═══ SOURCE RECORDS

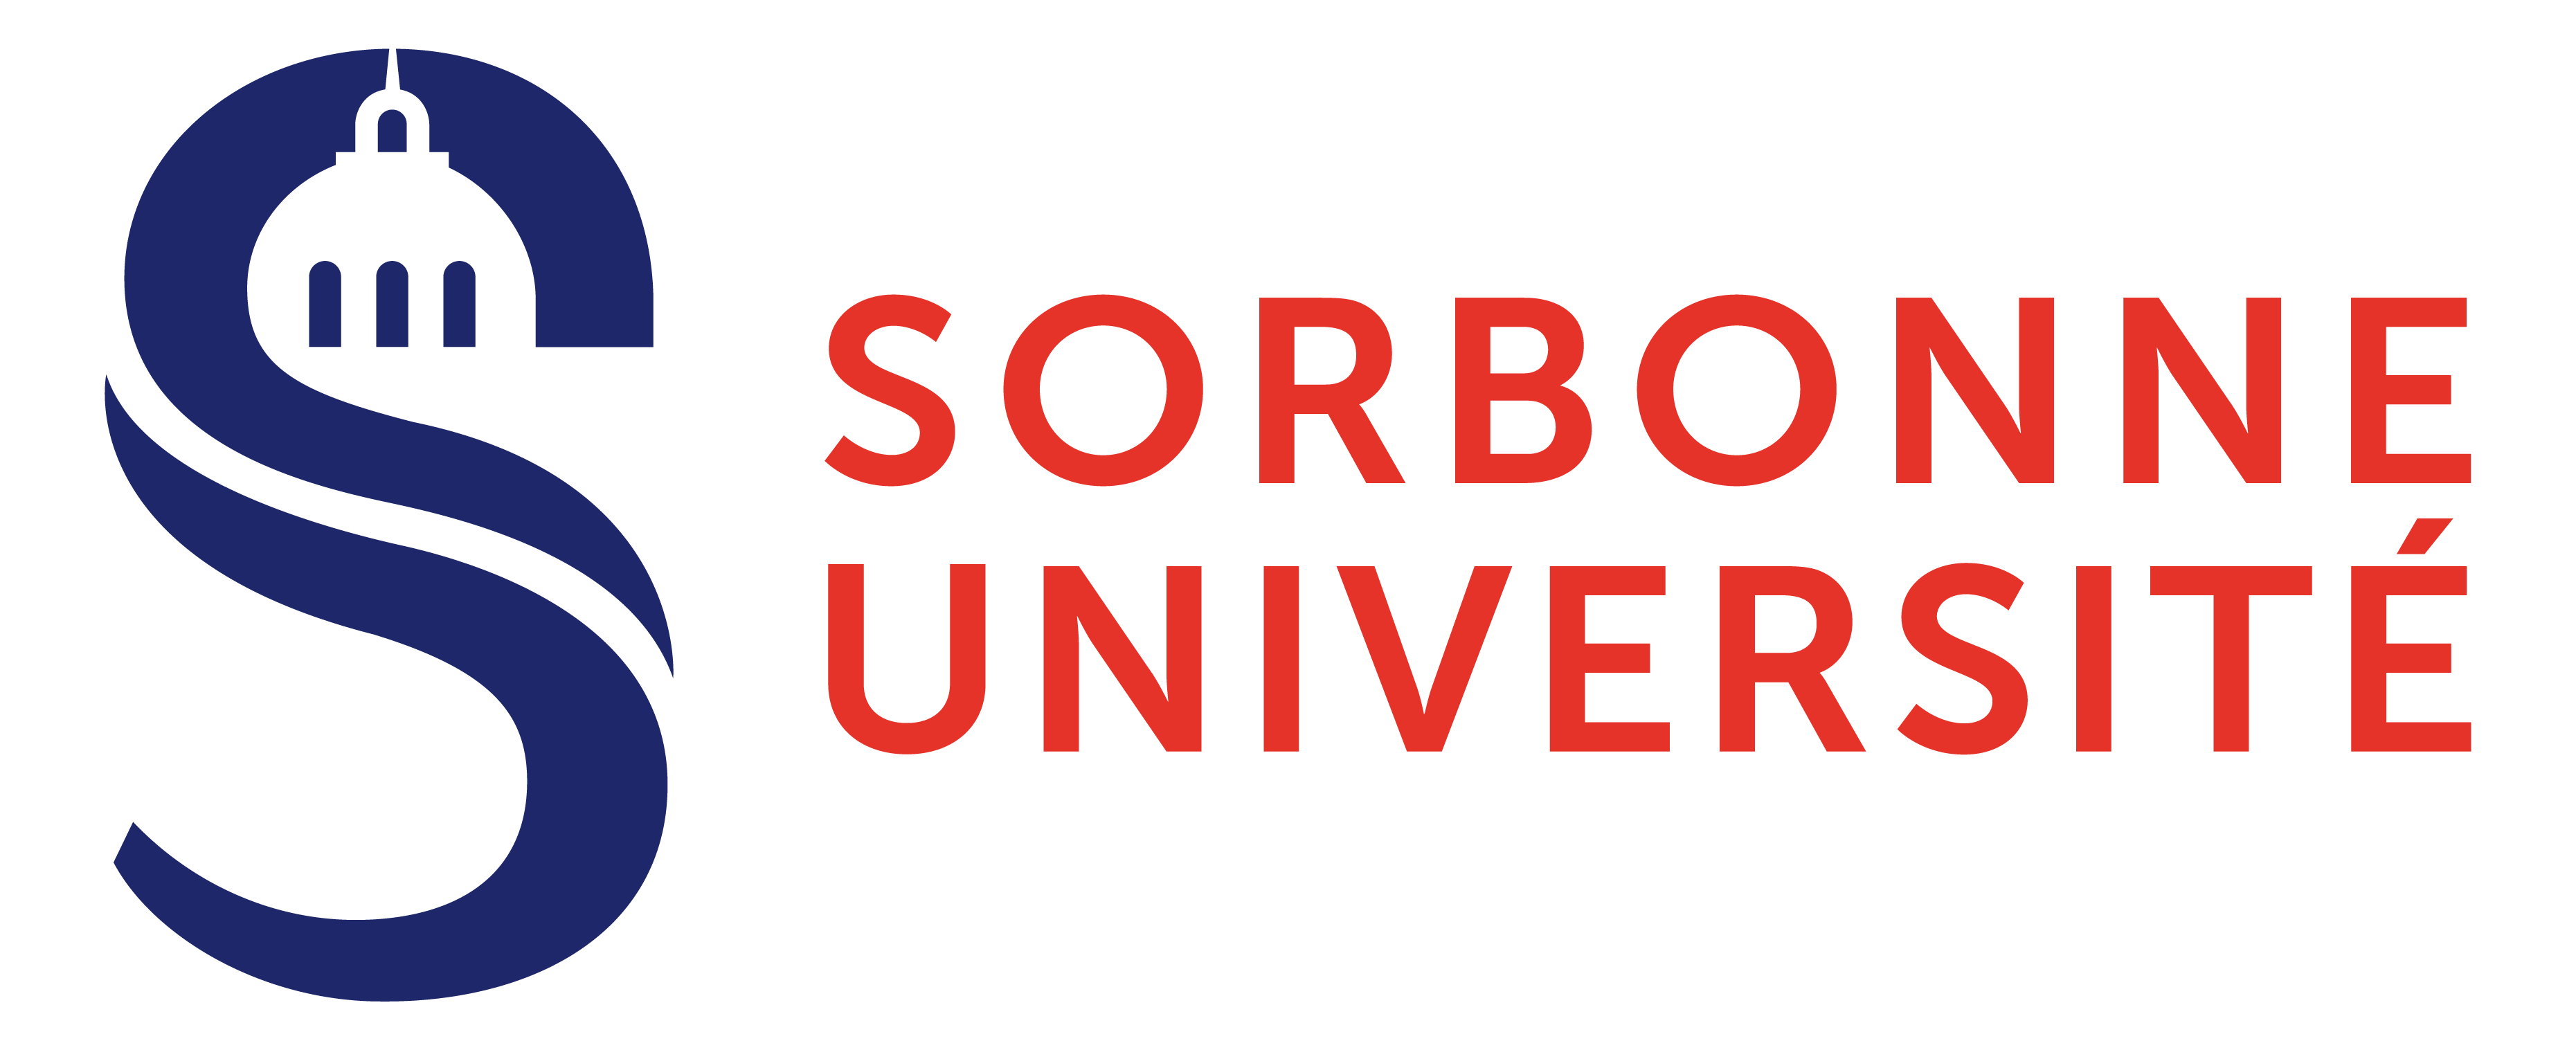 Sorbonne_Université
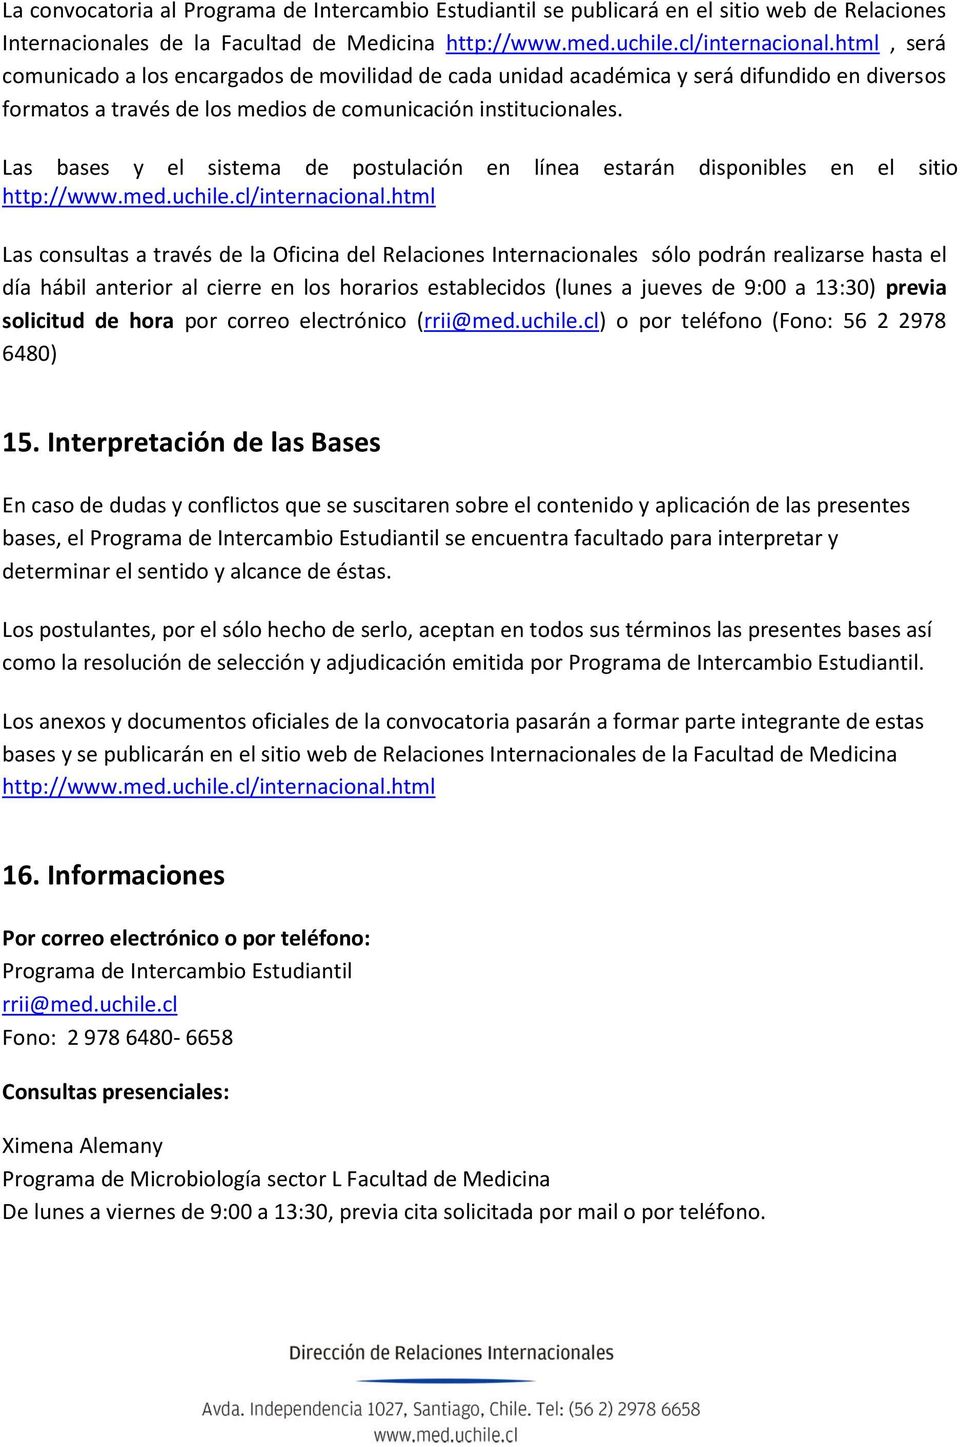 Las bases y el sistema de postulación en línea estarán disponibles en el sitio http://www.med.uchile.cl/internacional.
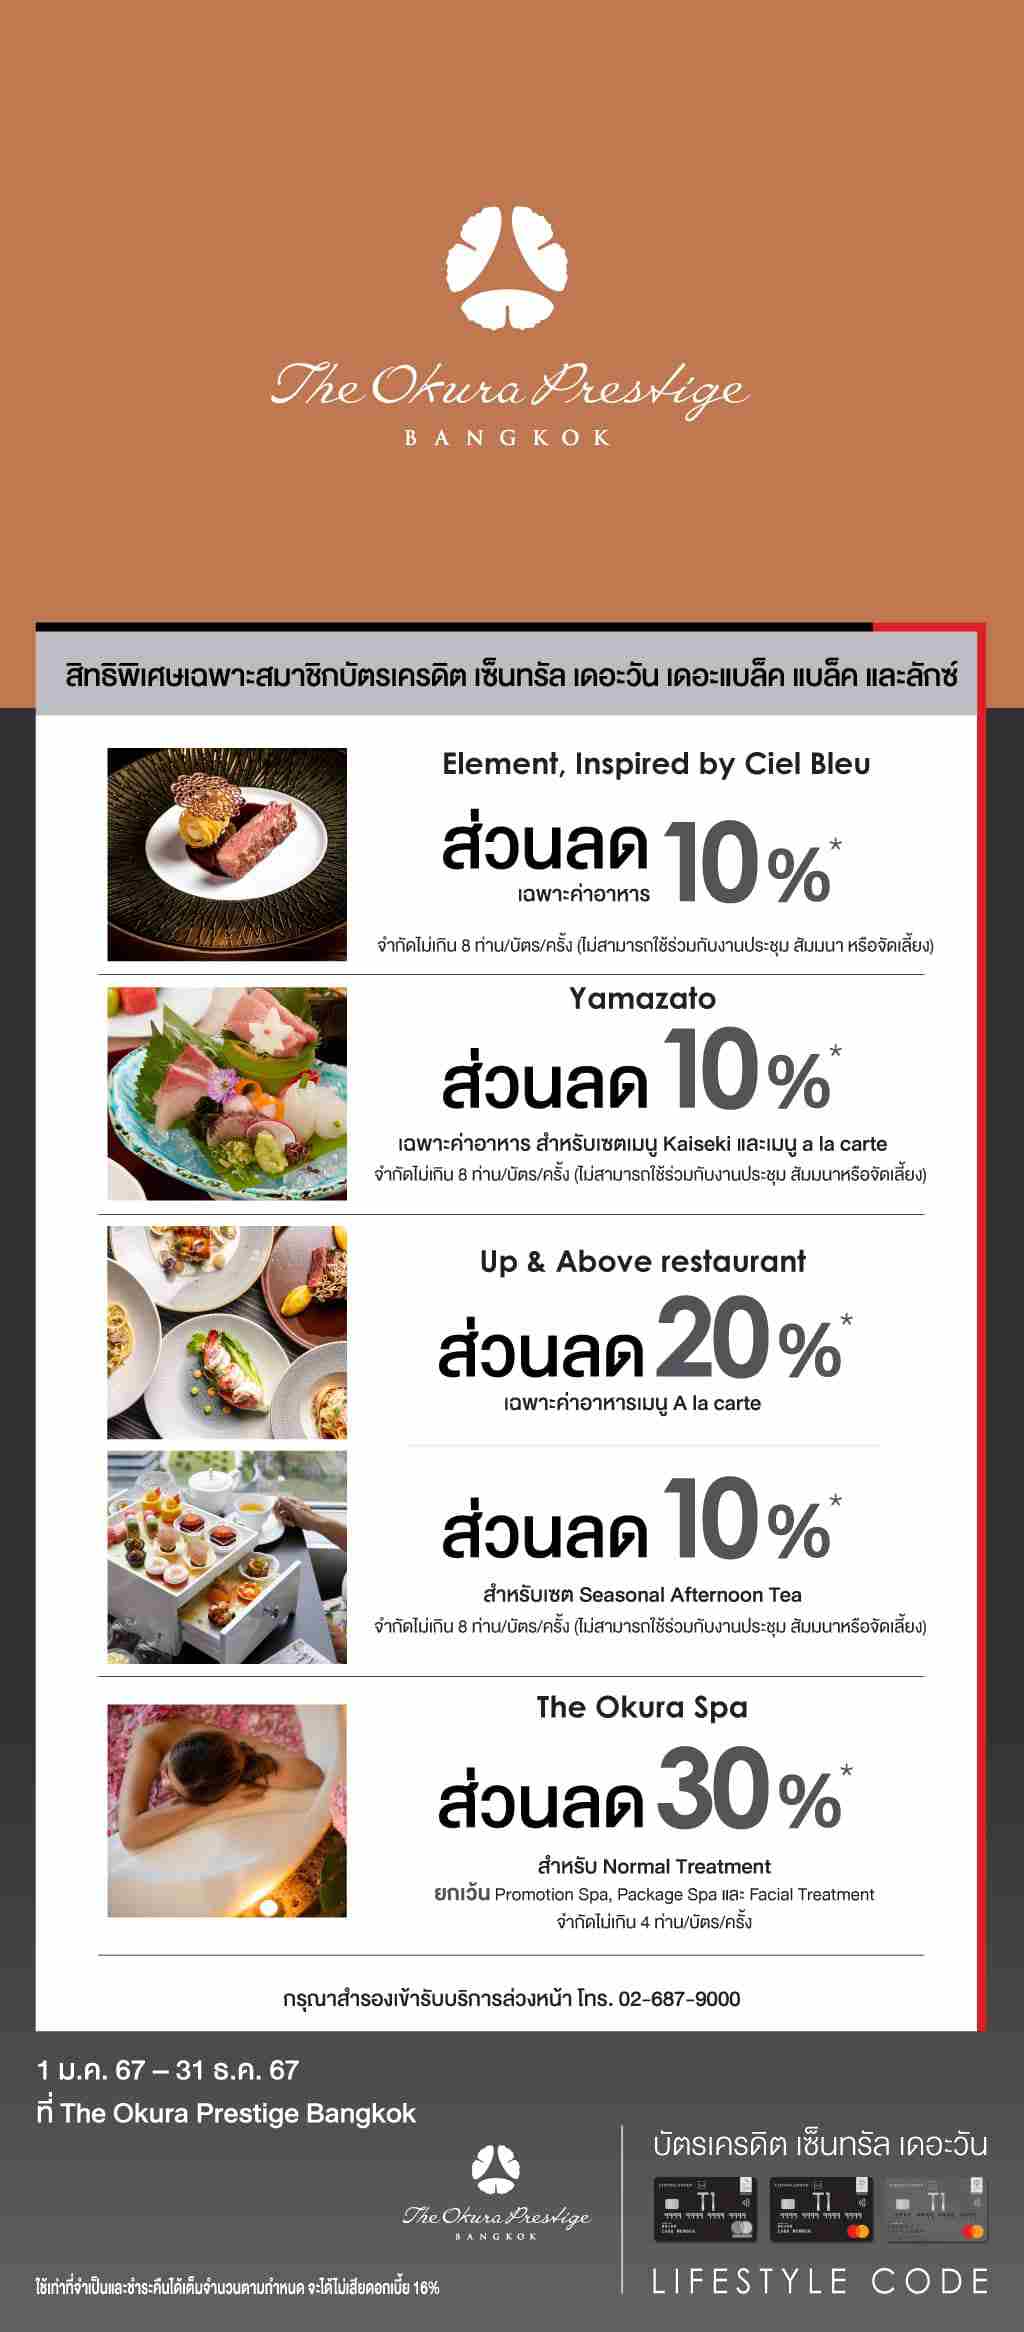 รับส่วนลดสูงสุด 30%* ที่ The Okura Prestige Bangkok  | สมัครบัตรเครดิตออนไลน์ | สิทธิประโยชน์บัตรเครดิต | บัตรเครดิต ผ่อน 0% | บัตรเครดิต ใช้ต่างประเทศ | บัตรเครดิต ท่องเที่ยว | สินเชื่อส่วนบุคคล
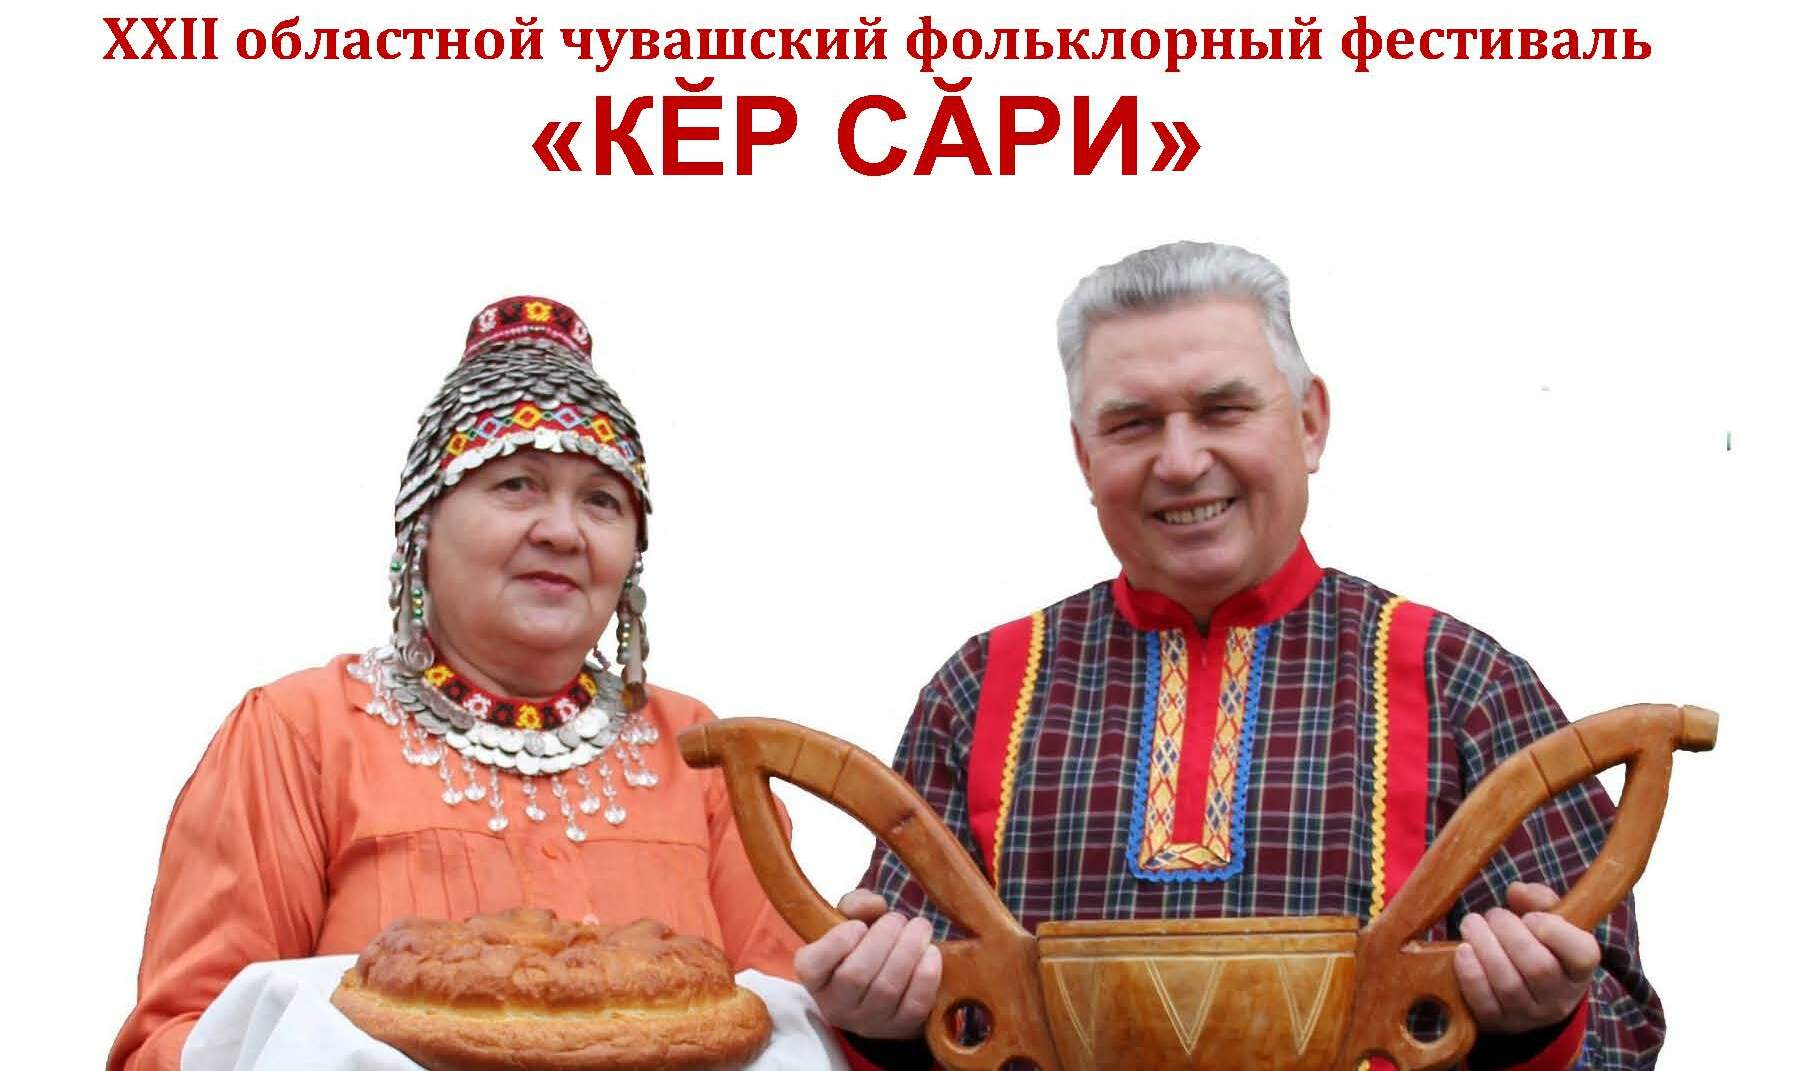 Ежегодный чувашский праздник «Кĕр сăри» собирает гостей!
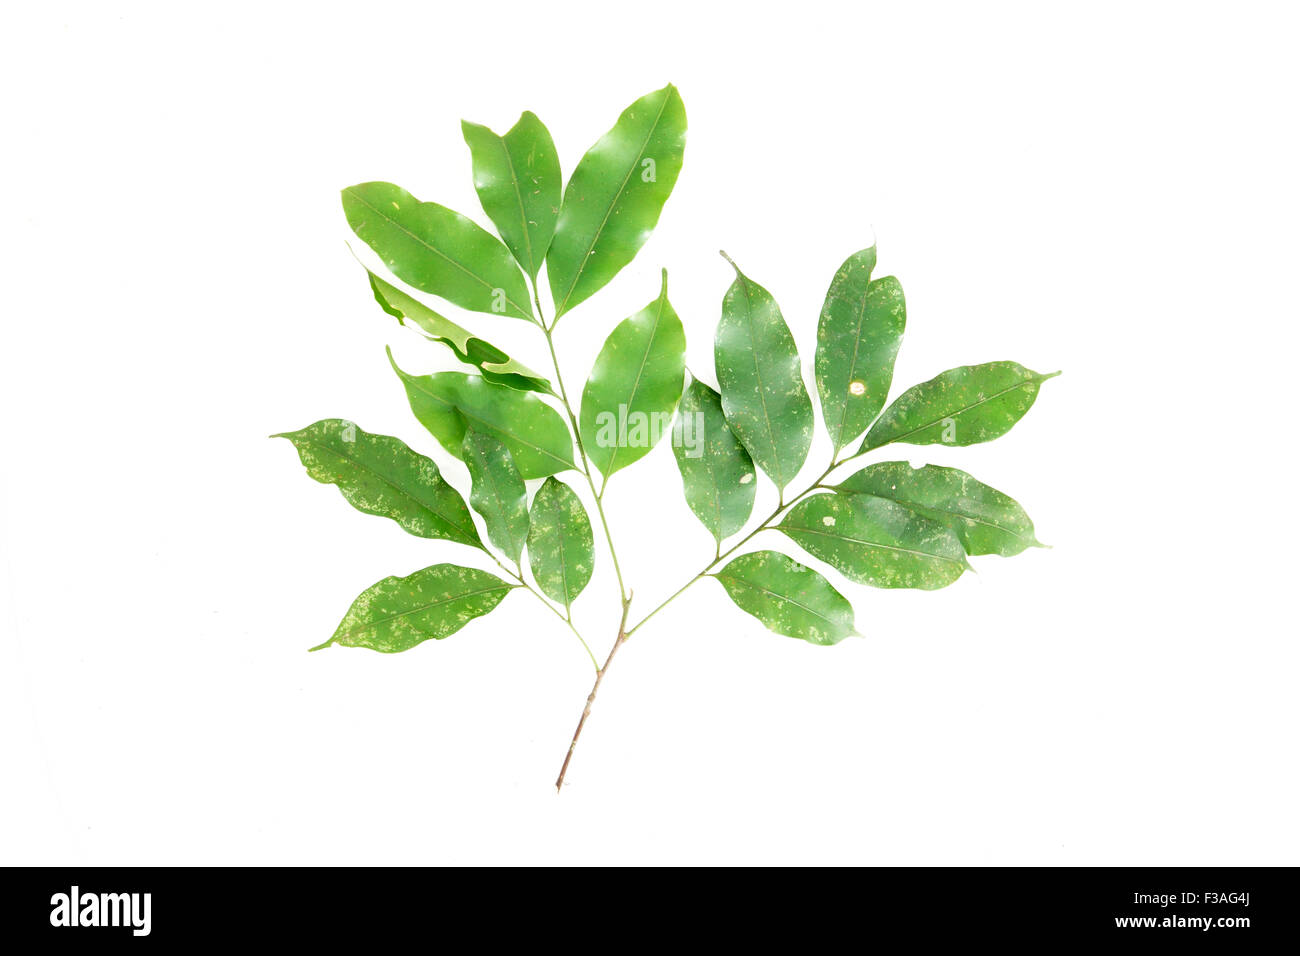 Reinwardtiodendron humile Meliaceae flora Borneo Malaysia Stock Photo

══════

Set down the records again verbatim, with no pictures.

 Sorbonne_Université
 Las bases y el sistema de postulación en línea estarán disponibles en el sitio http://www.med.uchile.cl/internacional.
 รับส่วนลดสูงสุด 30%* ที่ The Okura Prestige Bangkok  | สมัครบัตรเครดิตออนไลน์ | สิทธิประโยชน์บัตรเครดิต | บัตรเครดิต ผ่อน 0% | บัตรเครดิต ใช้ต่างประเทศ | บัตรเครดิต ท่องเที่ยว | สินเชื่อส่วนบุคคล
 Ежегодный чувашский праздник «Кĕр сăри» собирает гостей!
 Reinwardtiodendron humile Meliaceae flora Borneo Malaysia Stock Photo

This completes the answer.